■ Supplied material
BEGIN

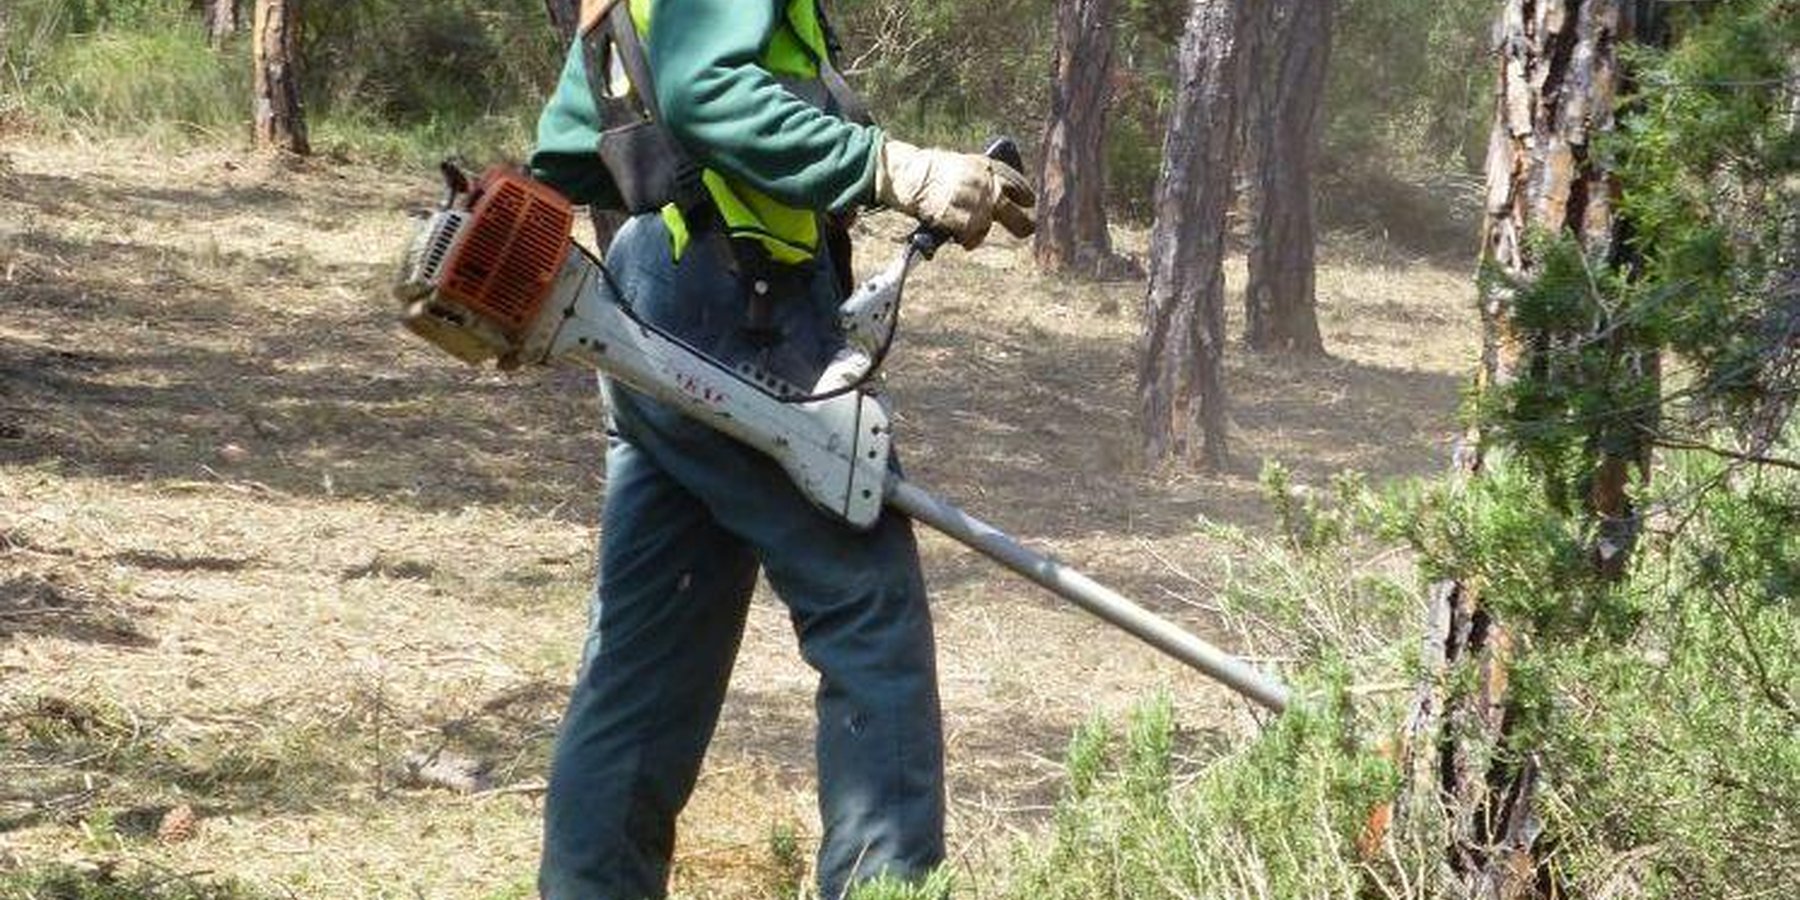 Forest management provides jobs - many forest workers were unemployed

END
BEGIN

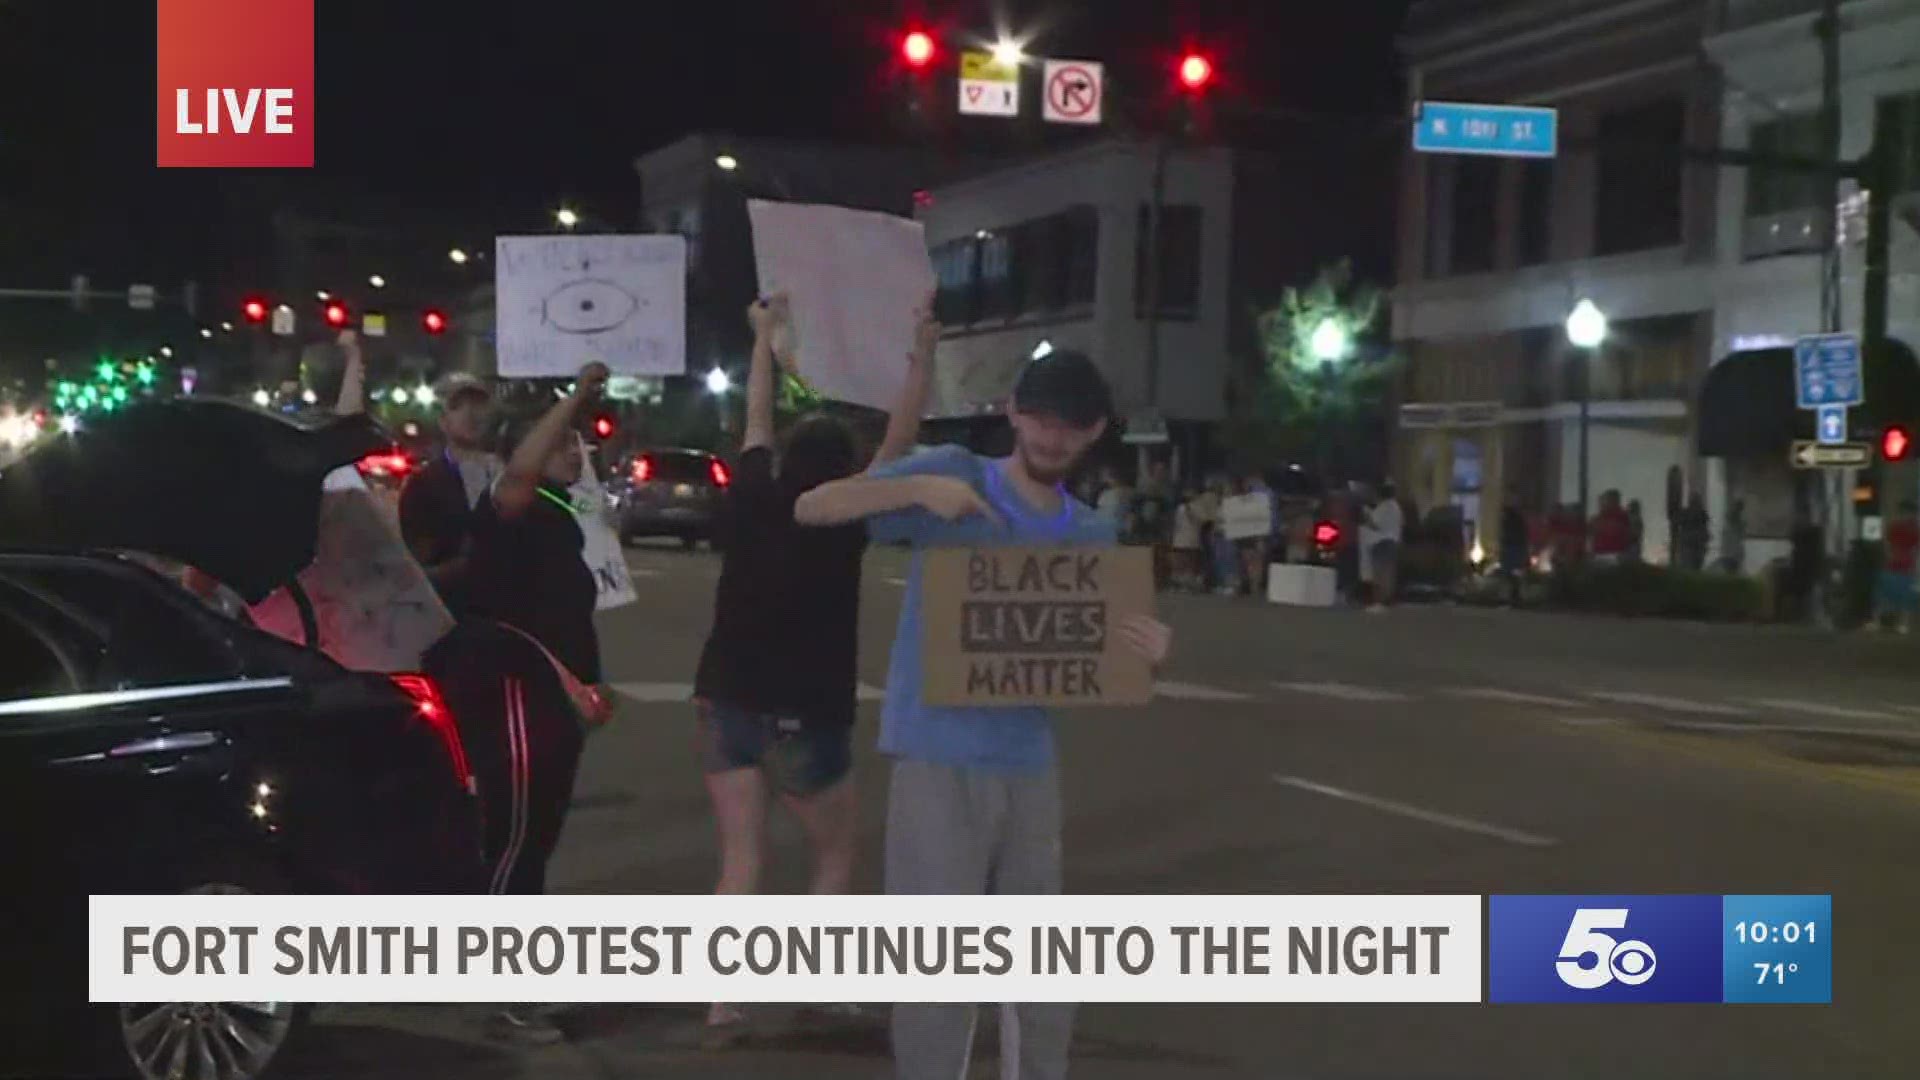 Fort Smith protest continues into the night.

END
BEGIN

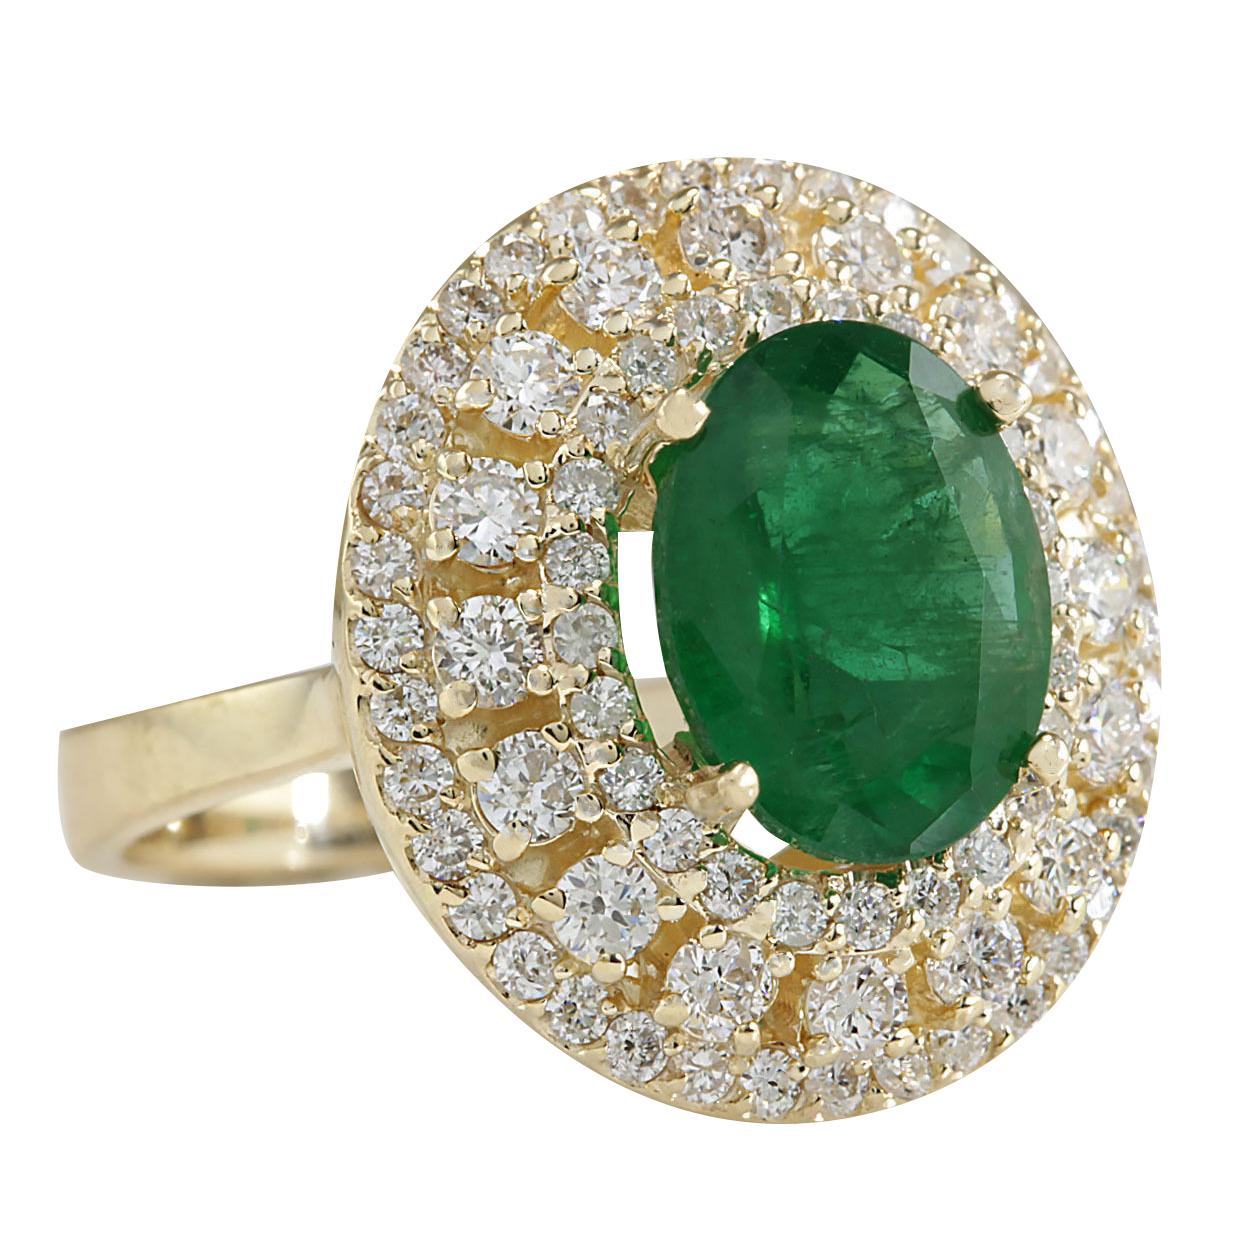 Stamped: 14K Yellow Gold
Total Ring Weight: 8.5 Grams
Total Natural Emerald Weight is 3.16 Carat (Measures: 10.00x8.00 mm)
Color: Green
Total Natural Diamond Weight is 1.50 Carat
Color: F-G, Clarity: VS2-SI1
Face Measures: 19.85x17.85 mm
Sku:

END

■ What is expected
What lines in the material above hold the word "Carat"? Pull them out.

■ Exercise response
Total Natural Emerald Weight is 3.16 Carat (Measures: 10.00x8.00 mm)
Total Natural Diamond Weight is 1.50 Carat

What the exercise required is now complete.